从乔似有所感,在她拉开门的同时看了过去, 略有些局促地坐直了些:“醒了。”
“啊~”
简愉同样促狭地杵在门边,还是有点不死心,眼神没有目标的虚晃了一圈,才状似无意地问道:“你昨晚……怎么睡的啊?”

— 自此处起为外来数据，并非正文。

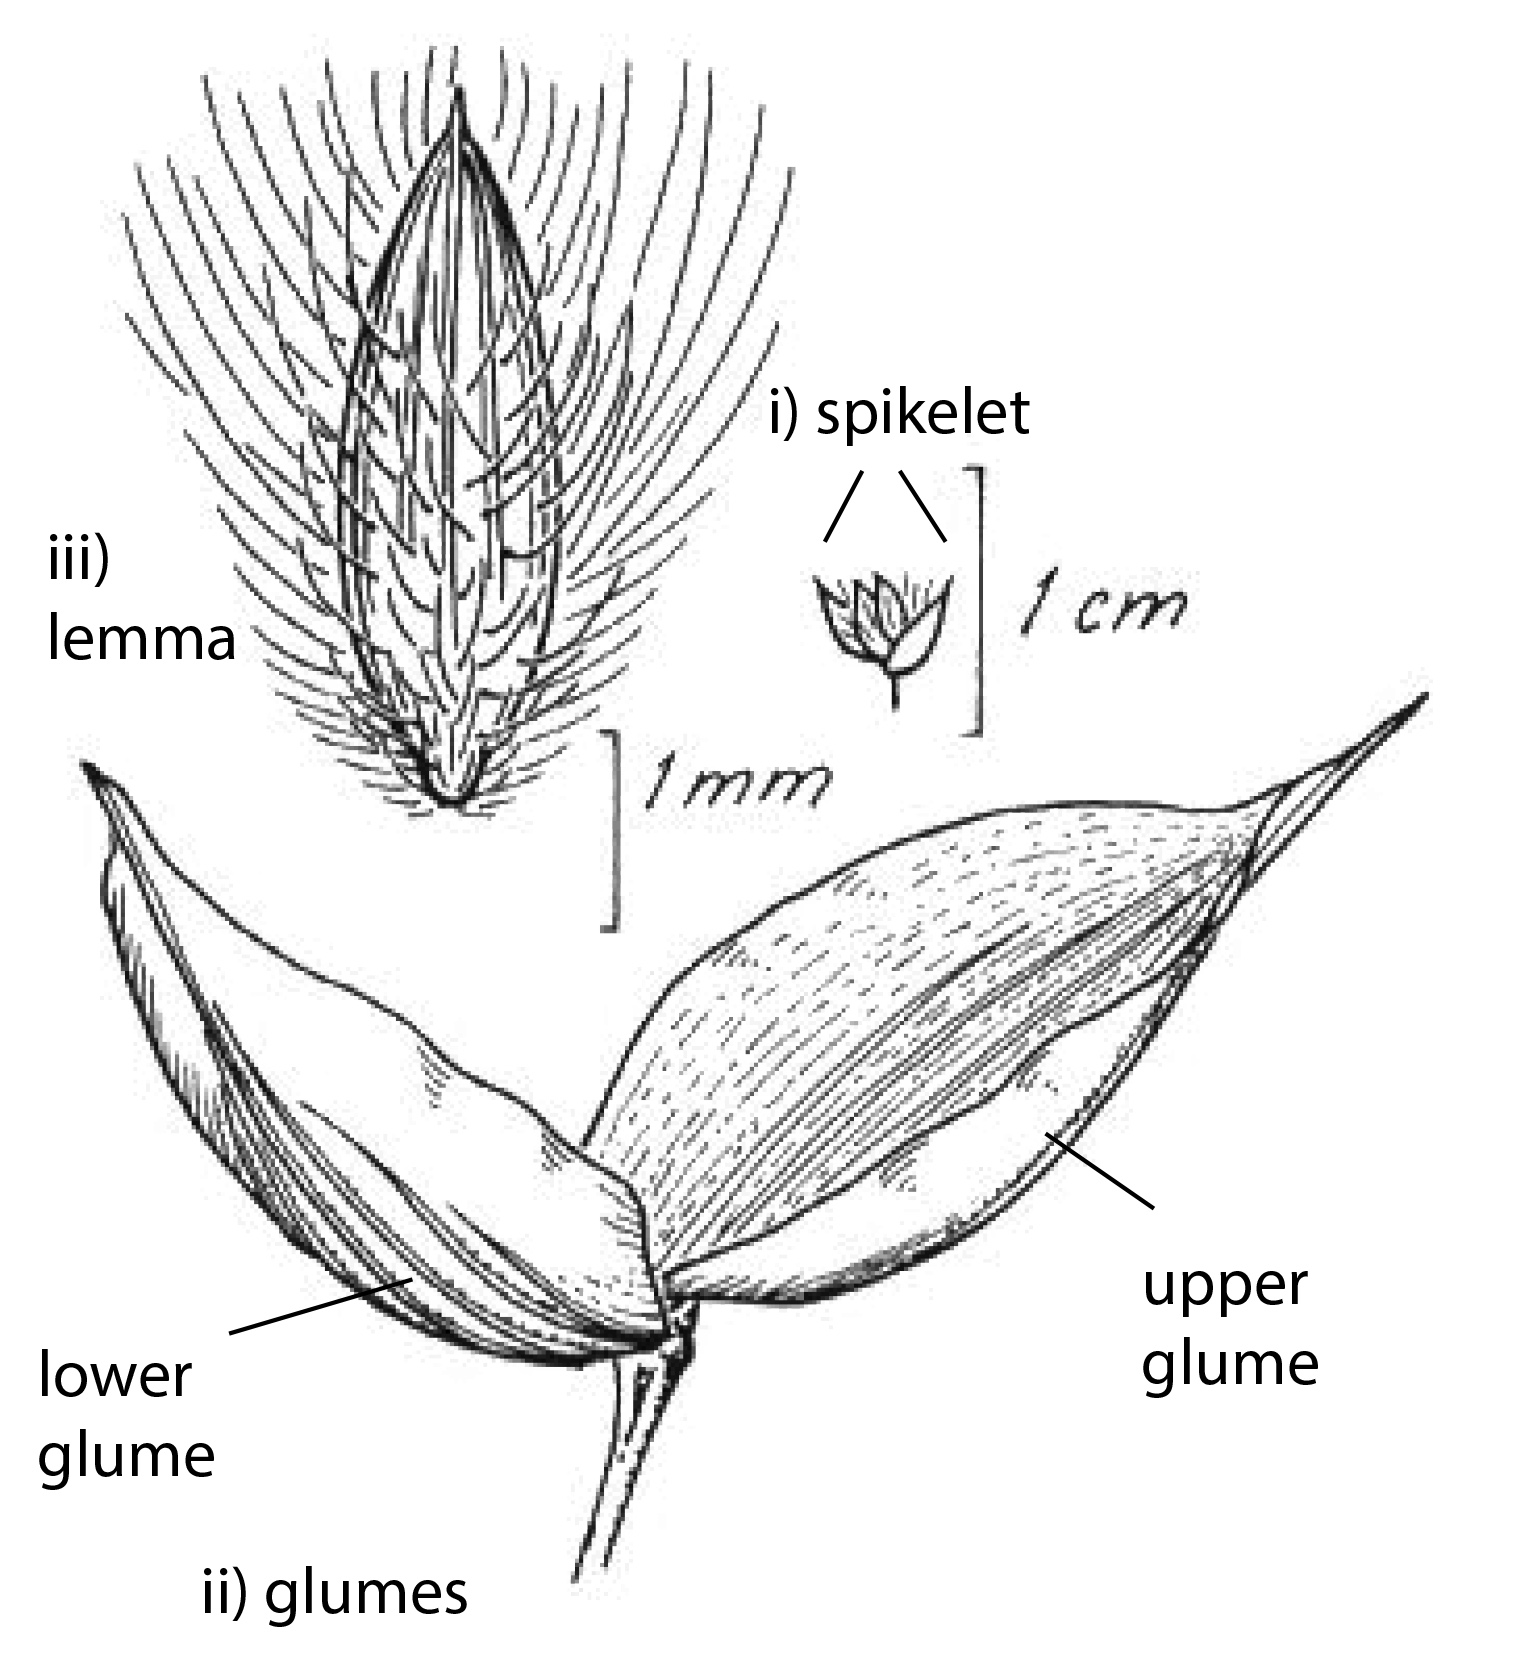 Fig. 4. Line drawing of Eriachne obtusa spikelets showing i) whole spikelet, ii) arrangement of upper and lower glumes, and iii) hairy lemma. Reproduced with permission from Cowie et al (2000). (CC By: Monika Osterkamp Madsen).
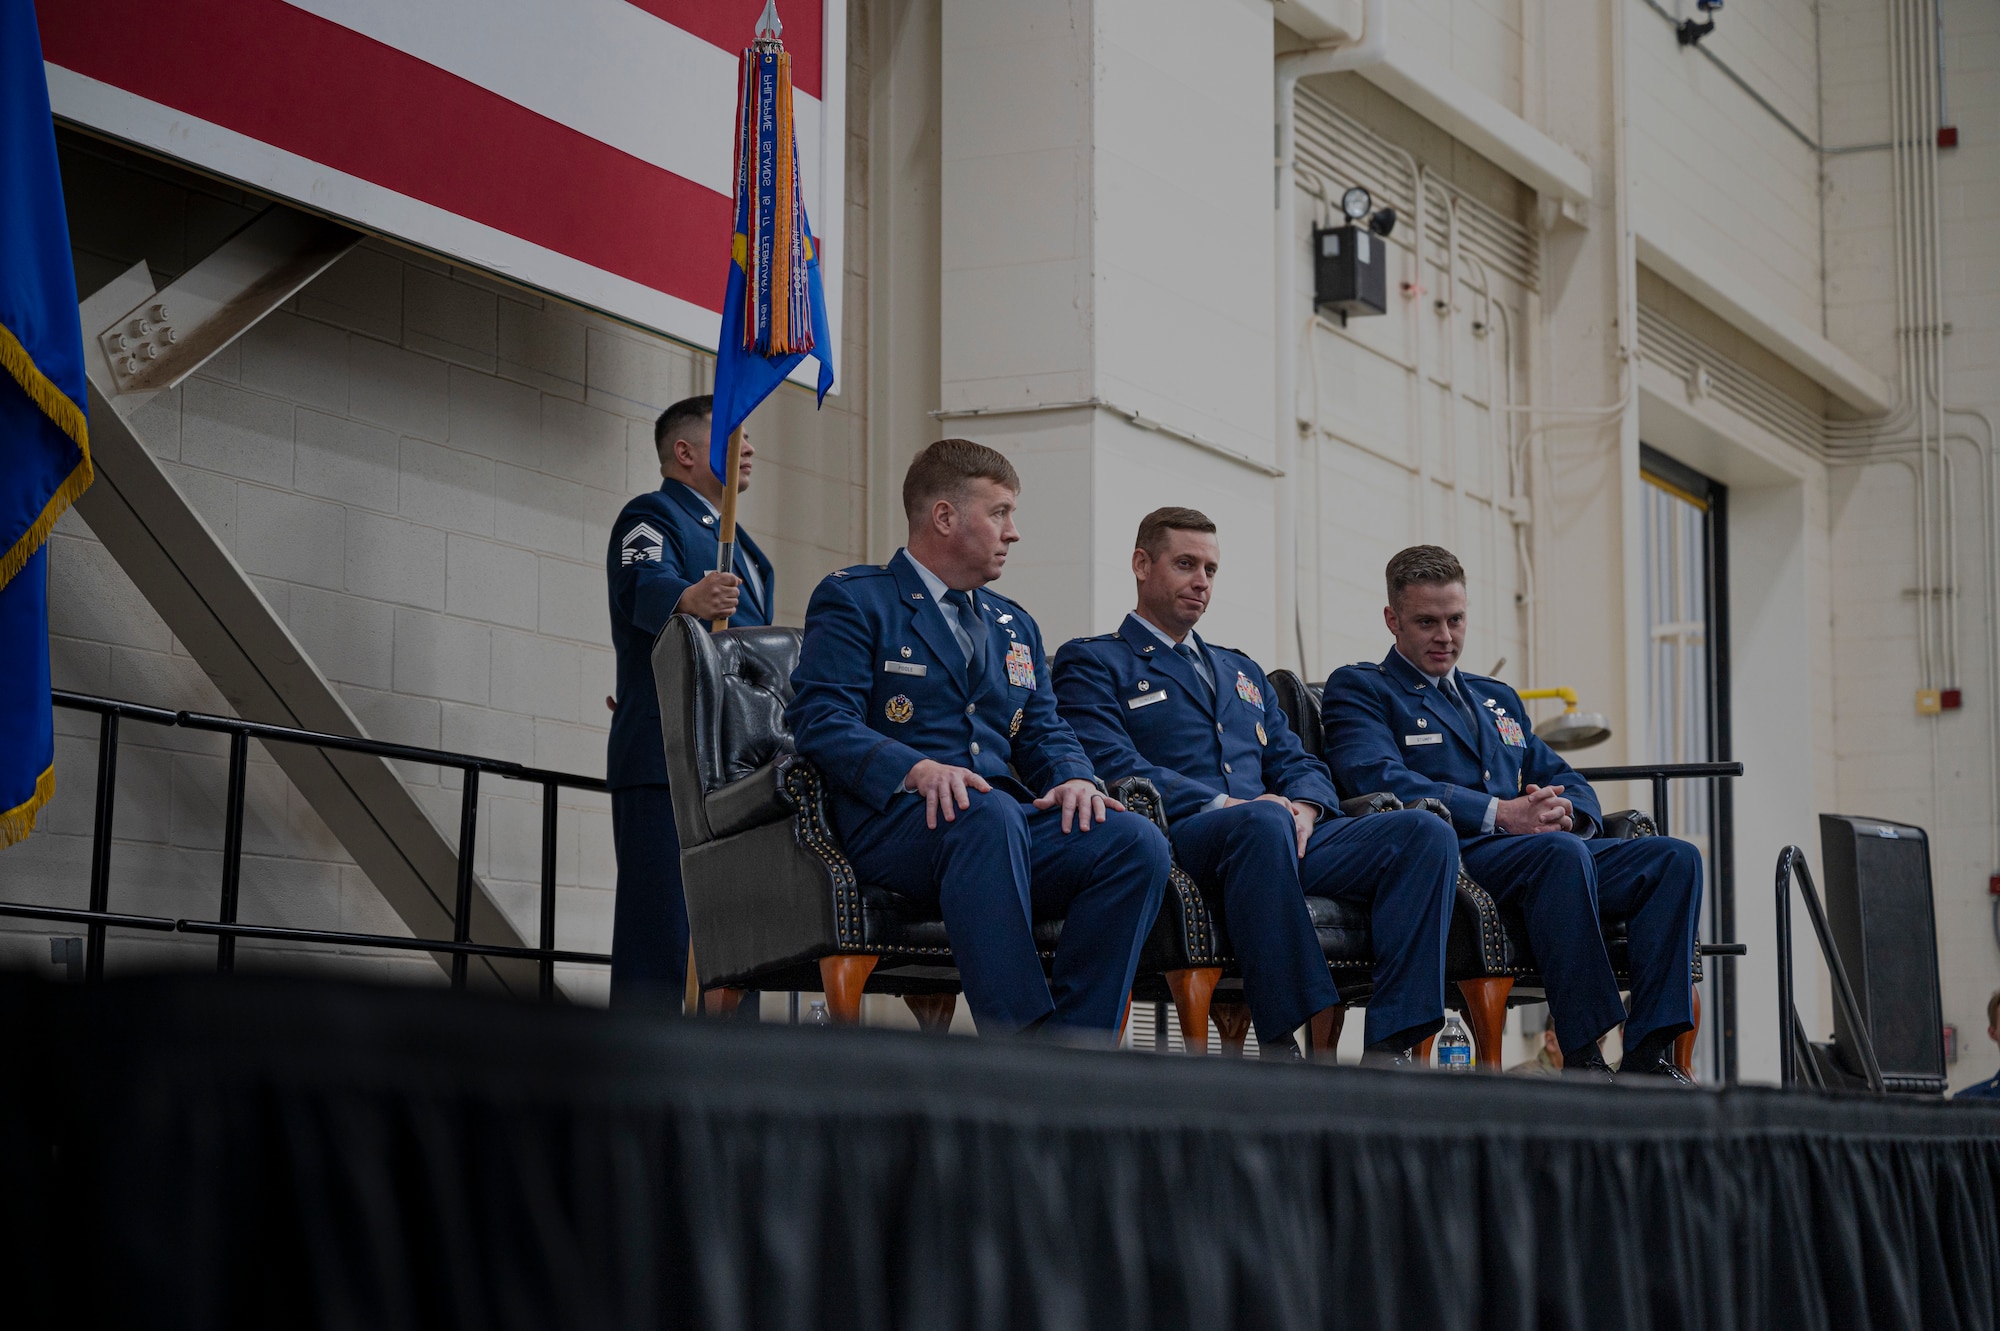 Col. John Poole, 317th Operations Group commander, Lt. Col. Samuel Dunlap, outgoing 40th Airlift Squadron commander, and Lt. Col. Sean Stumpf, incoming 40th AS commander, sit on stage during the 40th AS change of command ceremony at Dyess Air Force Base, Texas, Feb. 3, 2023. The 40th AS supports theater commanders' requirements with combat-delivery capability through tactical airland and airdrop operations as well as humanitarian efforts and aeromedical evacuation. (U.S. Air Force photo by Senior Airman Colin Hollowell)

从乔见她光着脚, 不由拧了拧眉, 起身从柜子里取了双新的一次性拖鞋, 拆好之后摆到她跟前,才一脸平静地说:“没睡。”
啧。
这表情。
淡定地跟唐僧似的。
真要做了什么就有鬼了!
简愉有点不爽, 不情不愿地把鞋穿了,才一脸不悦地回归正题:“体温量了吗?”
“没有。”
从乔乖乖地回答,做的却是十分不乖的事情。
“等着!”
简愉瞪了他一眼,回屋把体温枪取了出来,倚在门边开了机,很快对着他的额角测了一下。
“滴——”
“滴——”
两道近似的声音撞在一起,大的堪堪遮住小的,简愉的视线刚一扫过显示屏,房门就被人用房卡从外破开。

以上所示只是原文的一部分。